Storm, just to clear up a few things ...

1) I didn't write the atx specs, I only quoted them.

2) Yes, P=V*I, just as you say.

3) Voltage does NOT drop to create current flow, but drops because the device supplying the current has reached its limit and the output voltage thus sags, due to low impedence of the load (low resistance).

The voltage has to drop because most power supplies have a limit on the power they can supply, so as current goes up, voltage goes down, and power output remains roughly the same (max for PSU). P=V*I, to maintain 'P' at max (e.g. 450w), if 'I' increases then 'V' decreases. Nuff said.

When you put a short across a power supply - the voltage will drop to something approaching ZERO volts and the current will be VERY high - remember the resistance of a short is close to ZERO and I=V/R. Note that I=VERY_HIGH, V=LOW, but R=VERY_LOW_INDEED.

This is just as you said: High Current + Low Voltage, both at the same time due to extremely Low Resistance. But remember that as was mentioned in the problem scenario, voltage output was remaining high, therefore as I had said, and as your own argument points out, the PSU is in fact meeting the power demands of the system, so the high voltage was a sign that the PSU is NOT underpowered.

So as you can see, all my previous statements were in fact correct. Say no more. Apology accepted. ;) :p
 
Originally posted by Nic
Storm, just to clear up a few things ...

3) Voltage does NOT drop to create current flow, but drops because the device supplying the current has reached its limit and the output voltage thus sags, due to low impedence of the load (low resistance).

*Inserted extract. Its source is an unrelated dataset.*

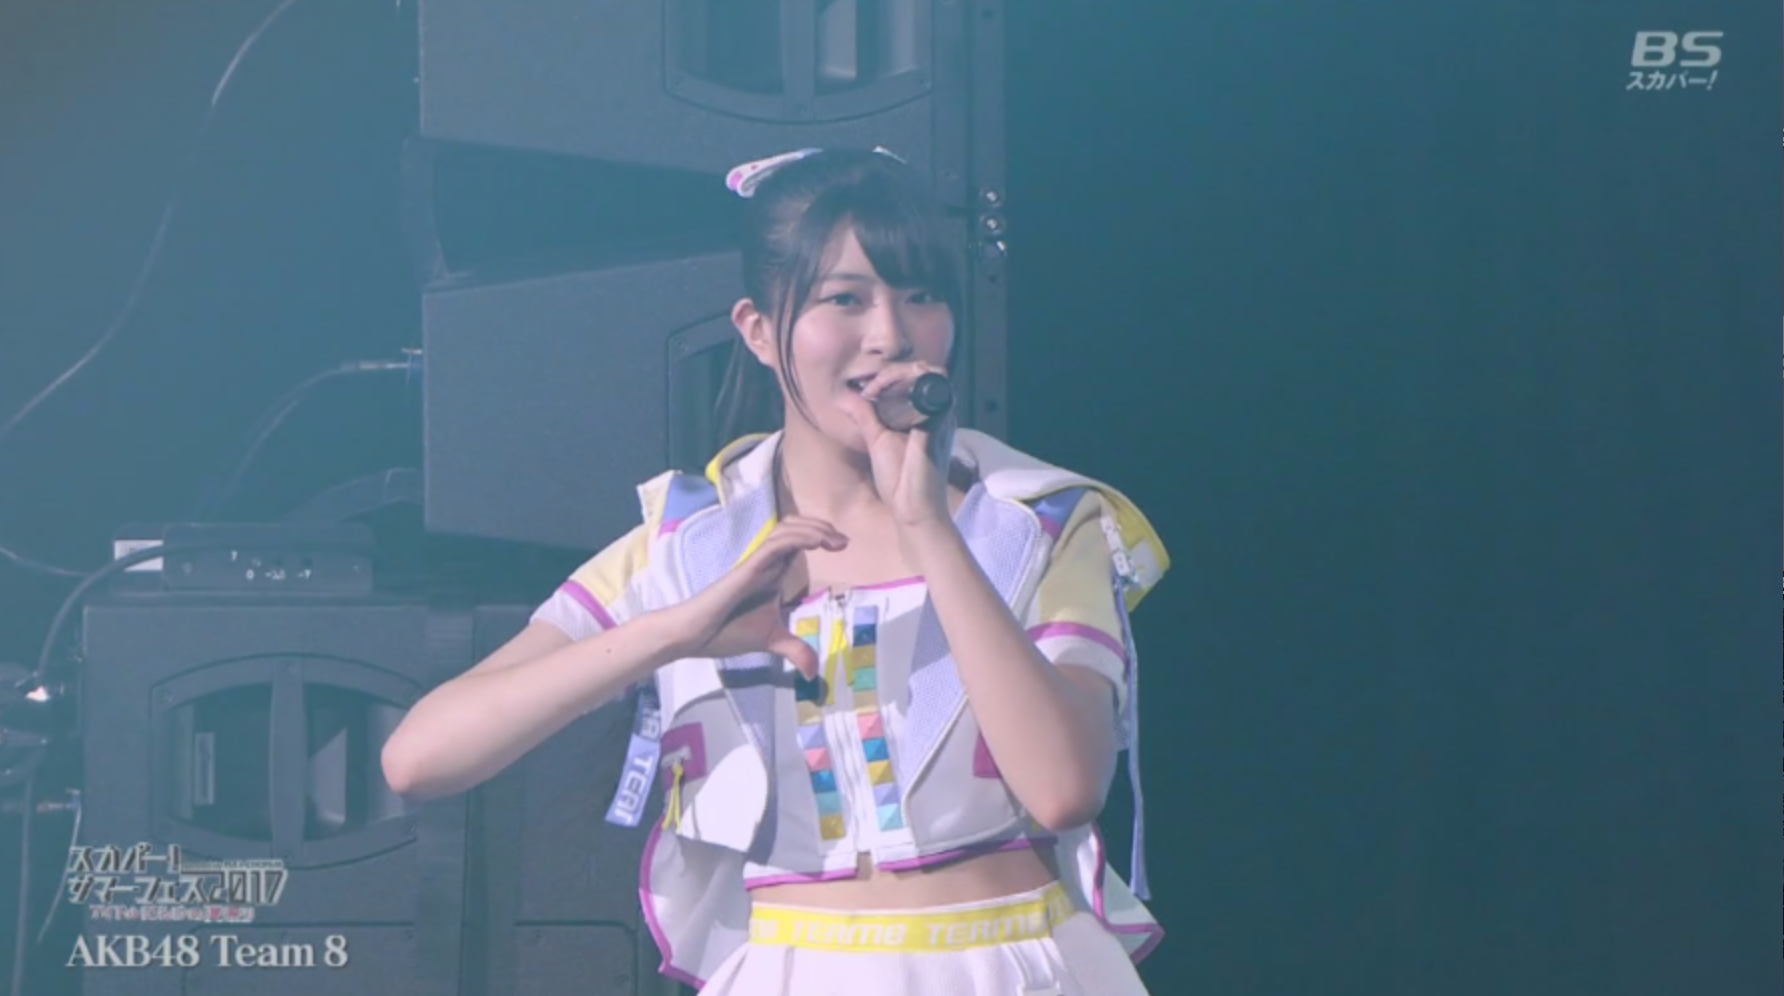 【AKB48チーム8】行天優莉奈 応援スレ5【香川県】©2ch.netYouTube動画>46本 ->画像>555枚

The voltage has to drop because most power supplies have a limit on the power they can supply, so as current goes up, voltage goes down, and power output remains roughly the same (max for PSU). P=V*I, to maintain 'P' at max (e.g. 450w), if 'I' increases then 'V' decreases. Nuff said.

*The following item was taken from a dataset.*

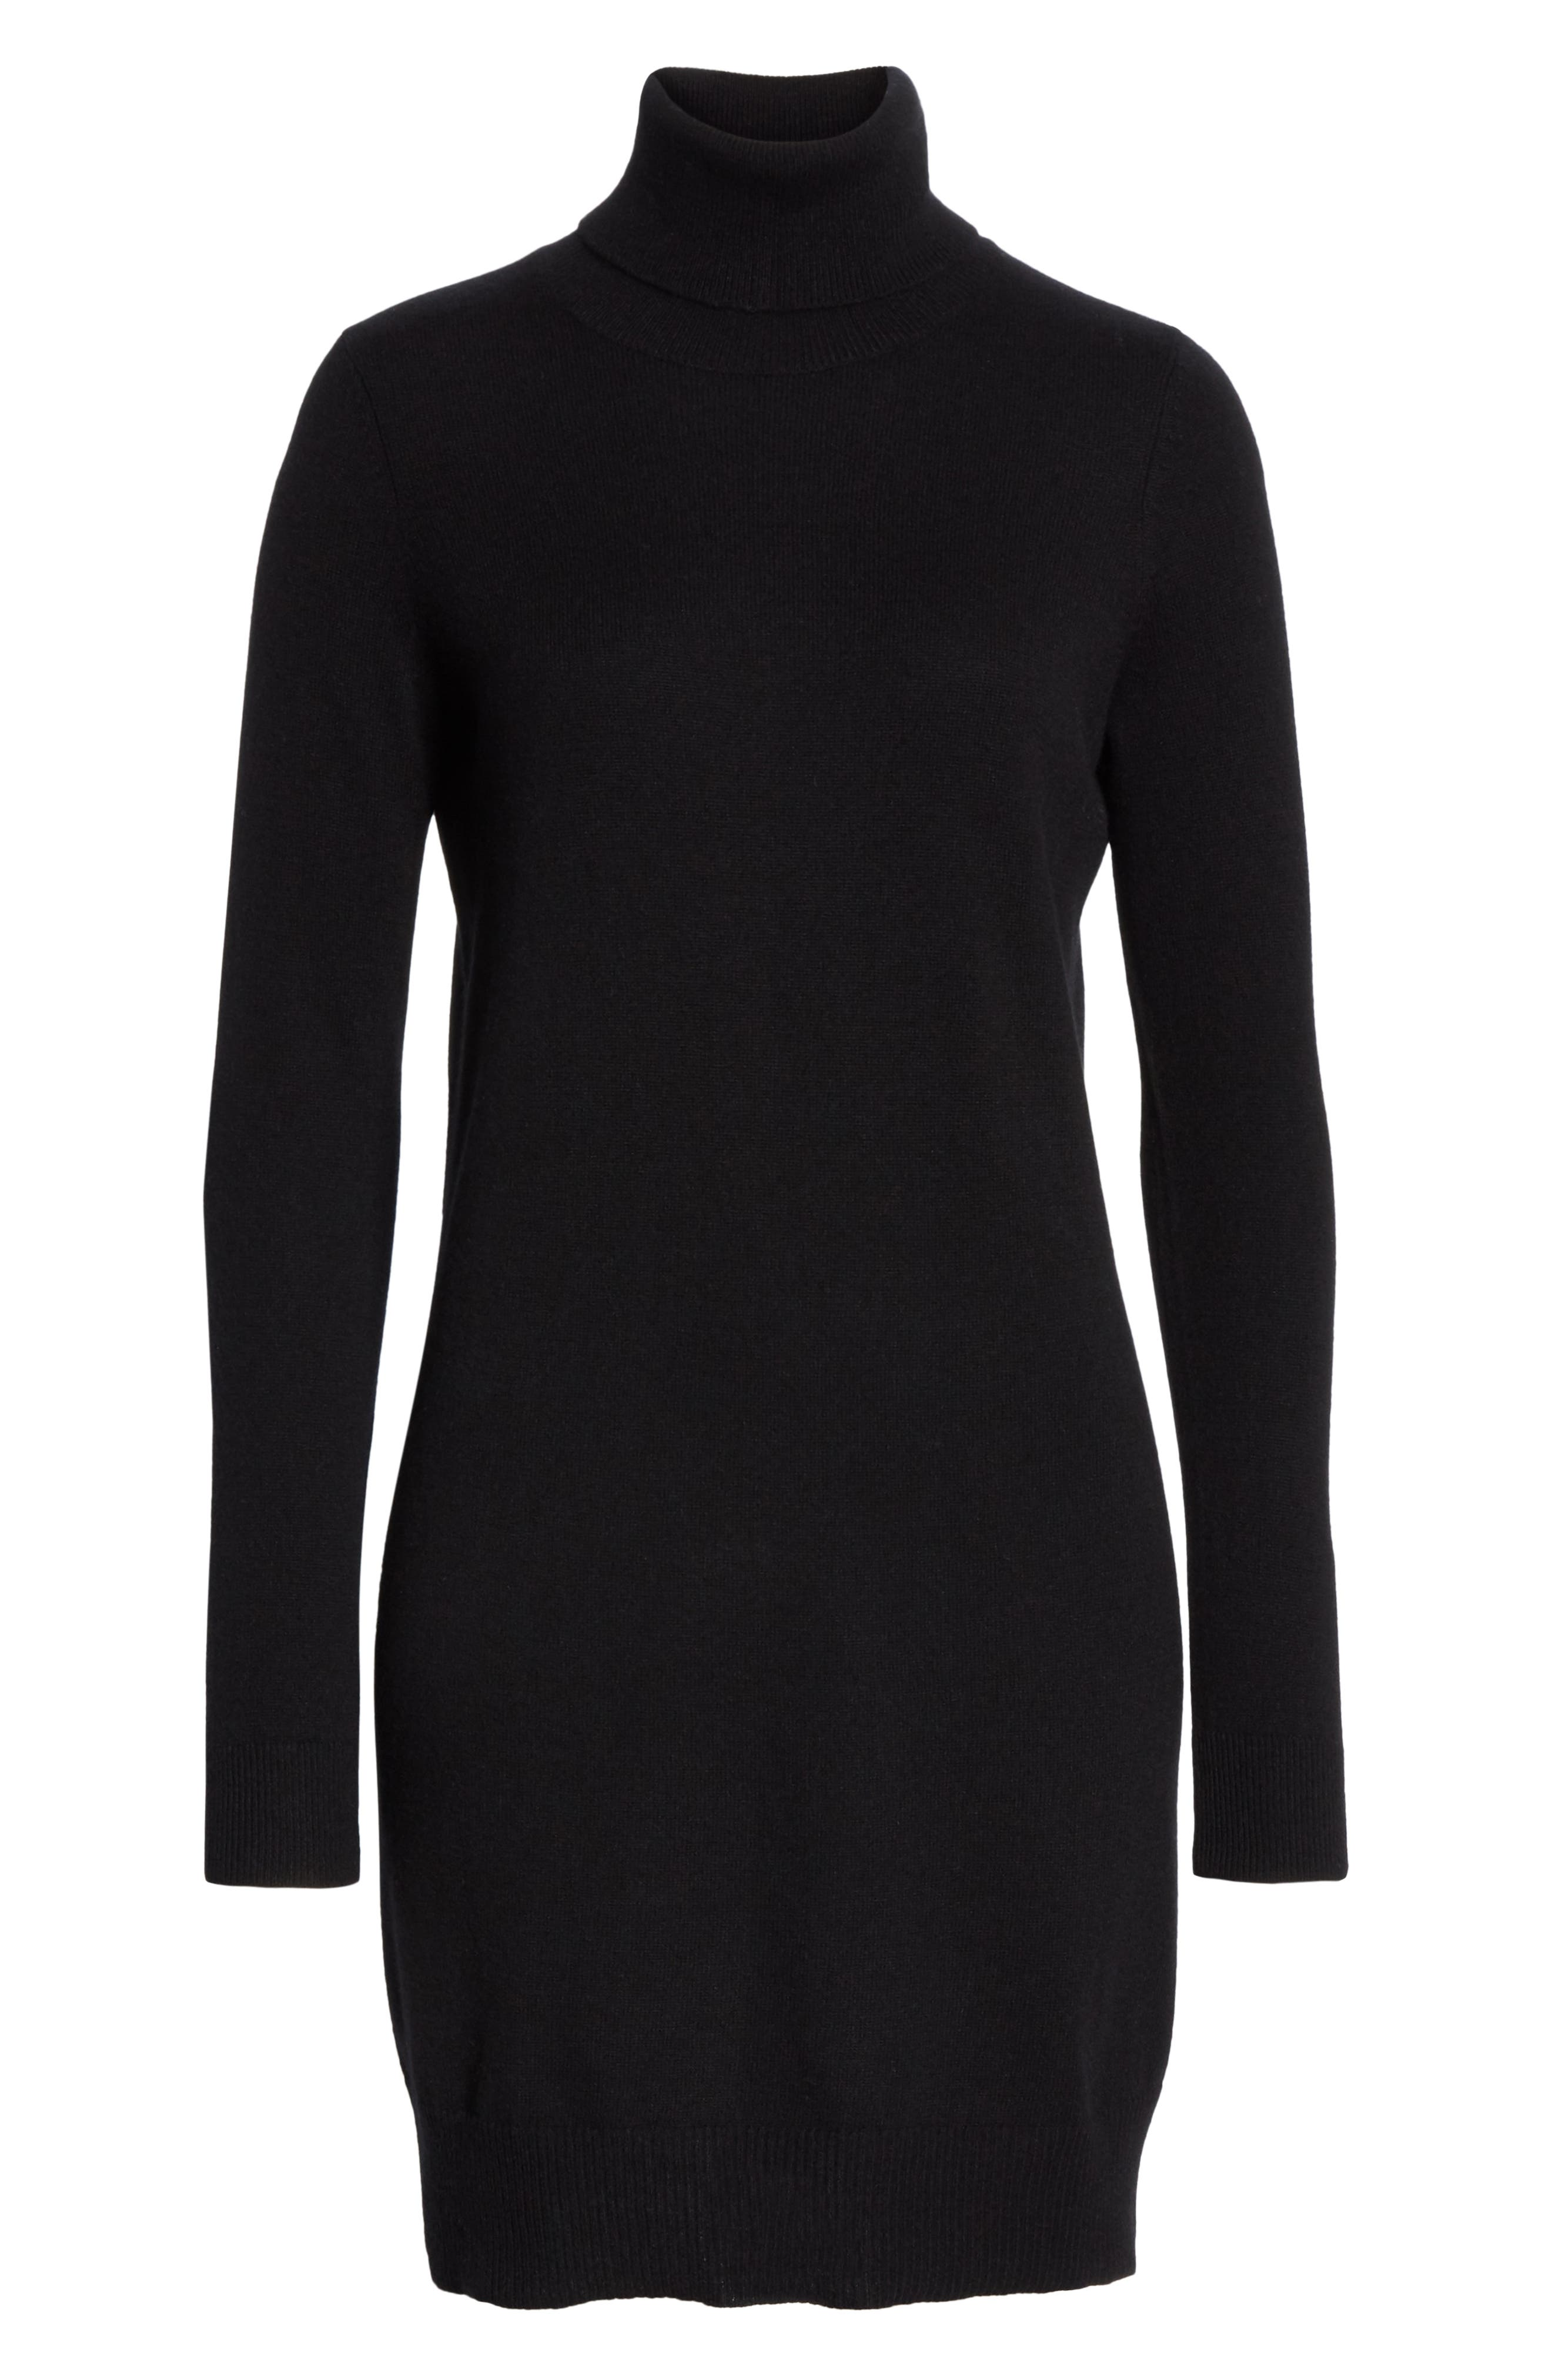 Cashmere Turtleneck Sweater Dress,                             Alternate thumbnail 6, color,                             001

When you put a short across a power supply - the voltage will drop to something approaching ZERO volts and the current will be VERY high - remember the resistance of a short is close to ZERO and I=V/R. Note that I=VERY_HIGH, V=LOW, but R=VERY_LOW_INDEED.


I don't know if you are just mistaken or being coy. What are you talking about? Voltage must drop for there to be current. No ifs, ands, or buts about it. Even a short will have a voltage drop which can be read in at different points. Voltage does not drop because of excess load. What i see you doing is applying series circuit theory to a parallel device, they aren't the same and do not behave as such. As you increase load in a parallel circuit, moreso with low resistance devices, current goes up and source voltage remains the same, period.
 
Nic, it looks to me that you are confused. Series circuits and parallel circuits do not behave and react the same.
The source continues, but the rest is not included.